GIVEN MATERIAL →
##########

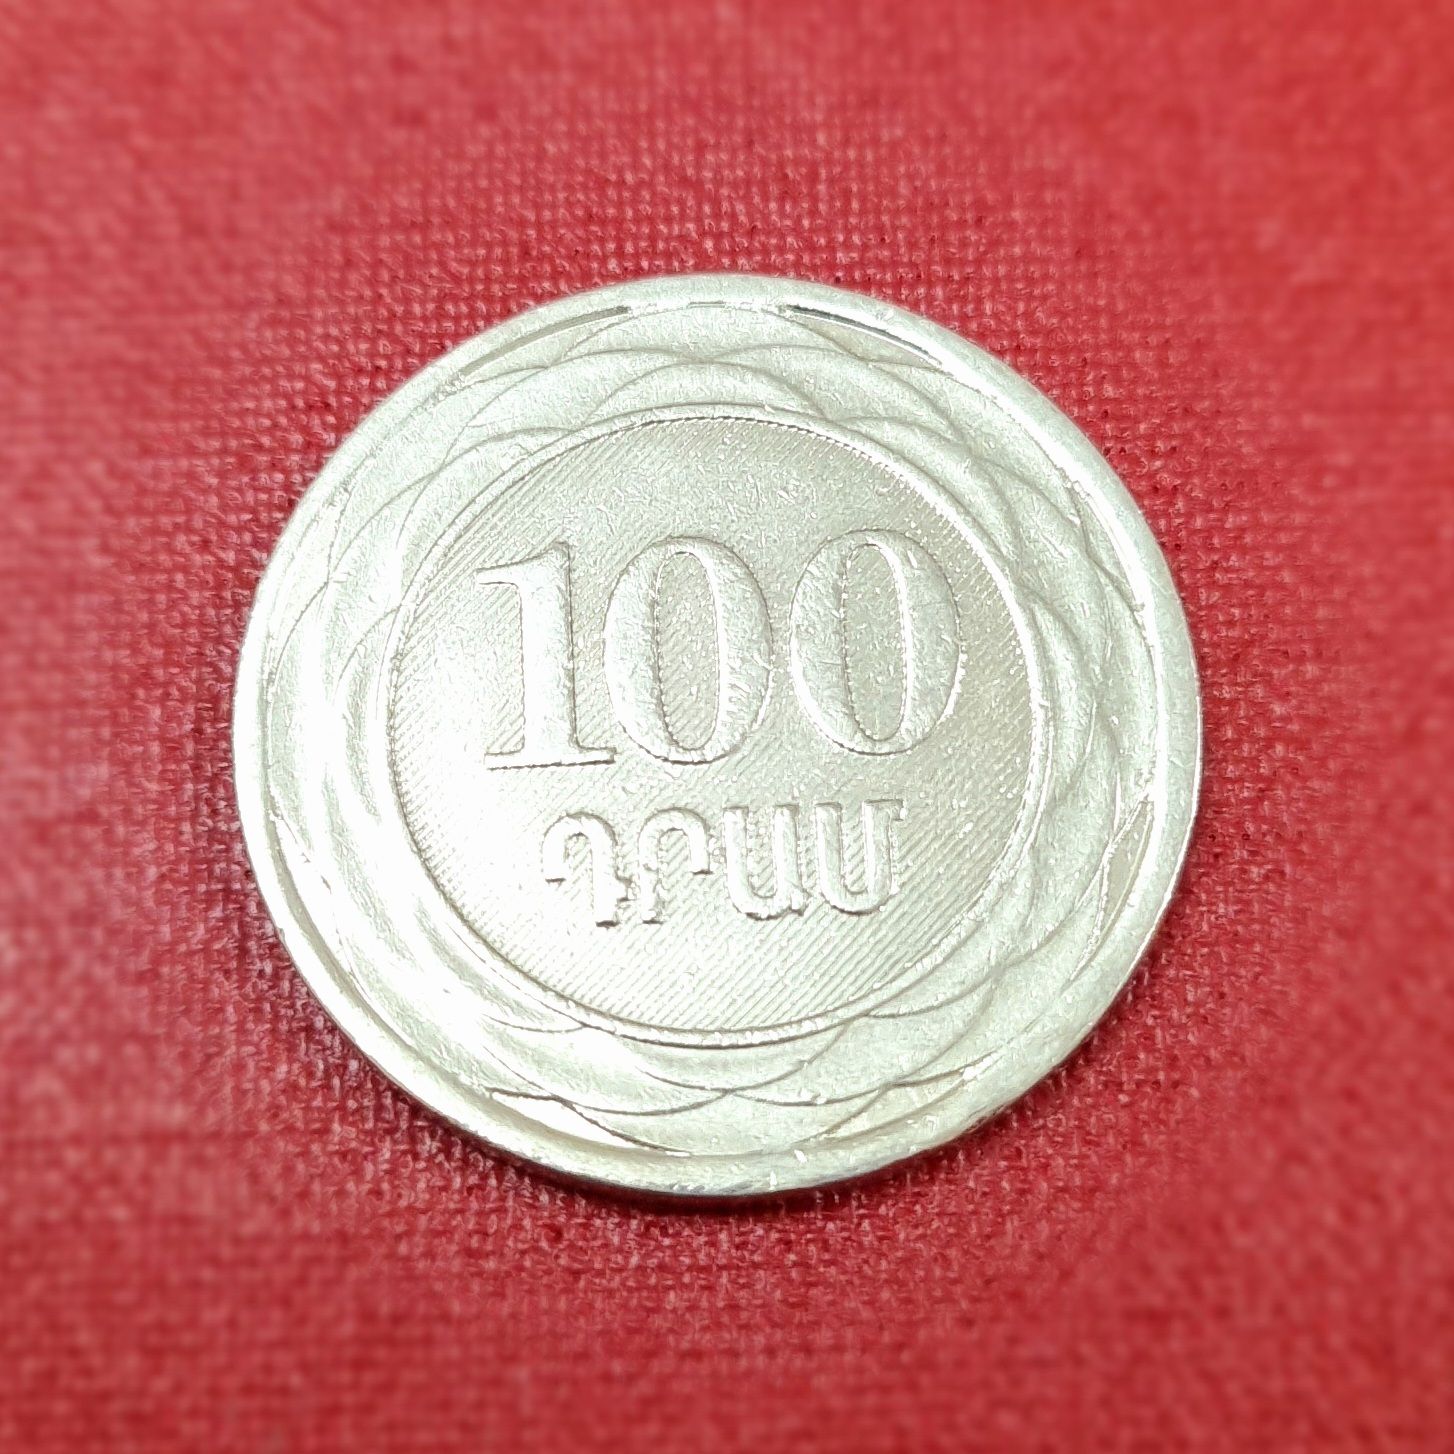 7000 драм в рублях. 100 Драм монета. 100 Драм 2003. Монеты Армении 2003. 100 Драм Армения.
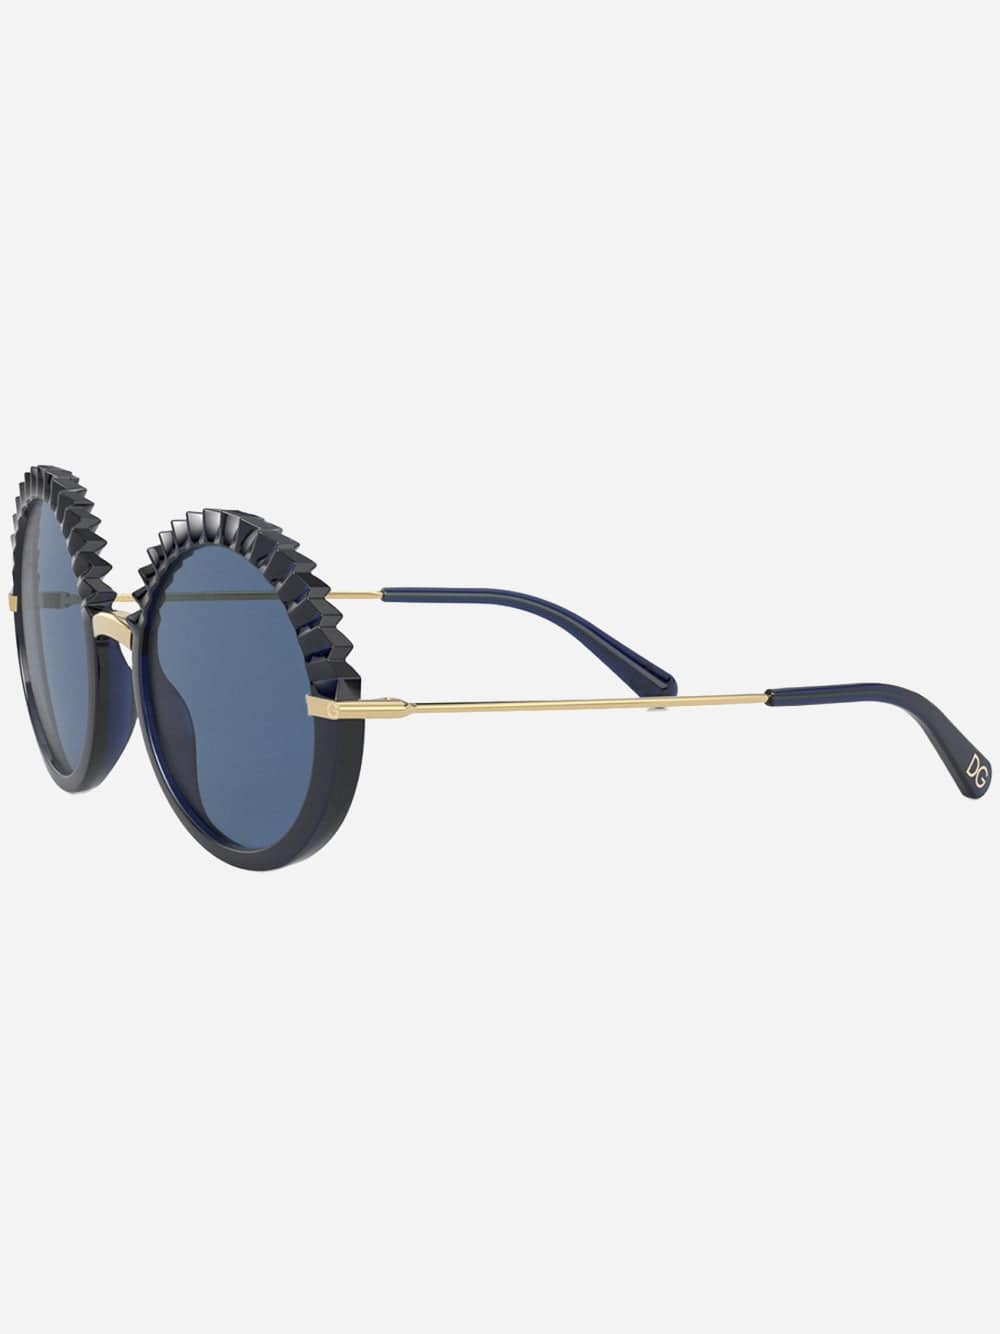 Dolce & Gabbana DG6130 Opal Sunglasses
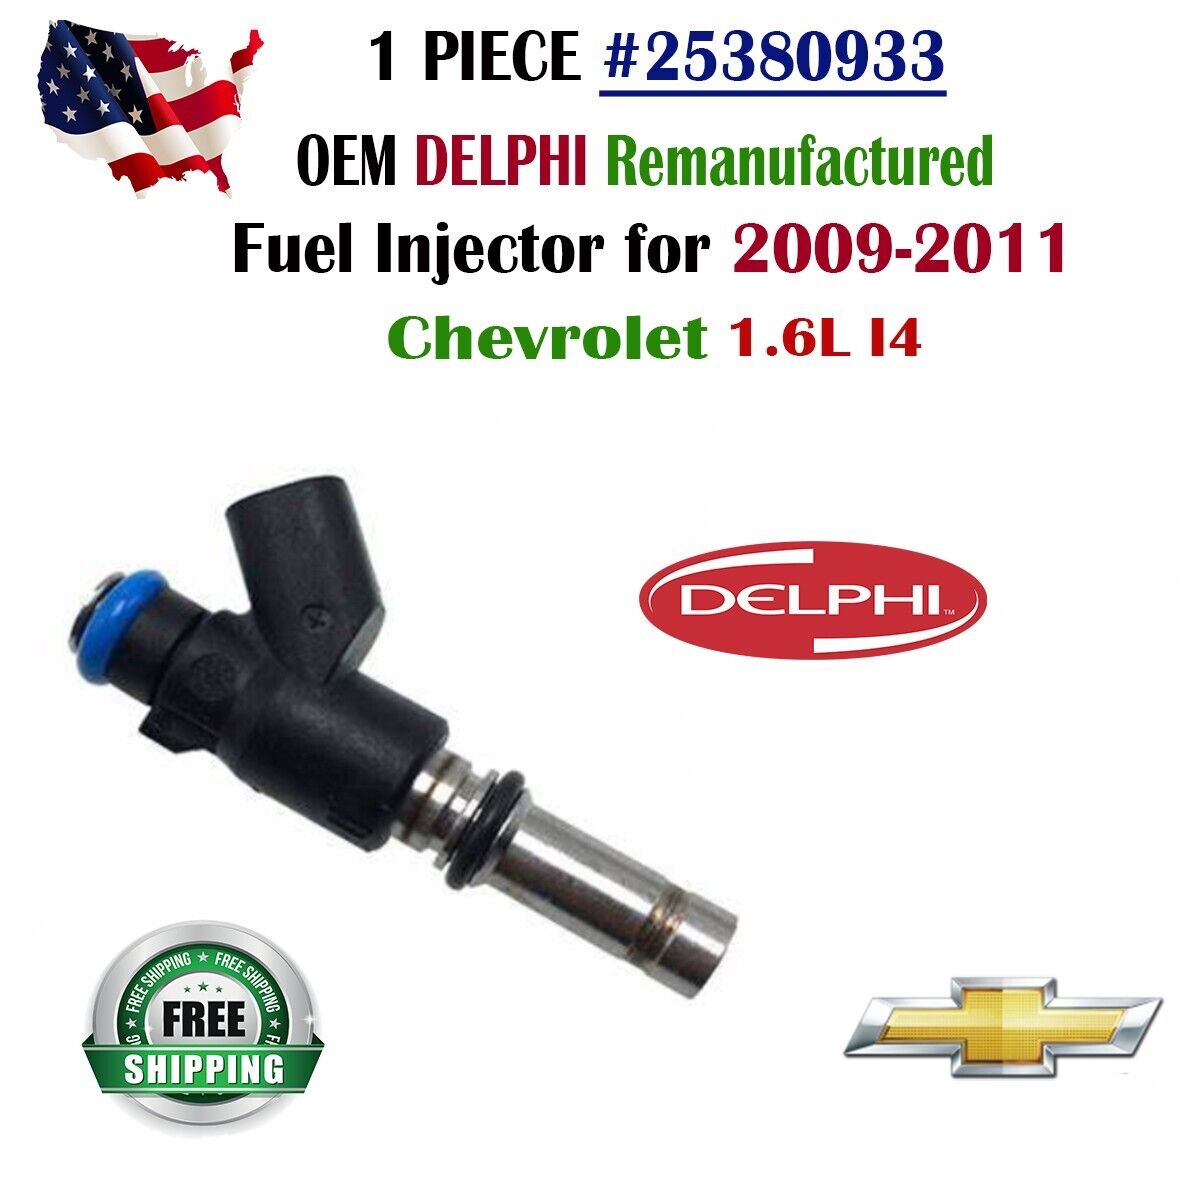 GENUINE Delphi x1 PIECE Fuel Injector for 2009-2011 Chevrolet 1.6L I4 #25380933

##########

TASK GOAL →
Please reproduce the data above word for word, skipping all images.

ANSWER SPACE →
 7000 драм в рублях. 100 Драм монета. 100 Драм 2003. Монеты Армении 2003. 100 Драм Армения.
 Dolce & Gabbana DG6130 Opal Sunglasses
 GENUINE Delphi x1 PIECE Fuel Injector for 2009-2011 Chevrolet 1.6L I4 #25380933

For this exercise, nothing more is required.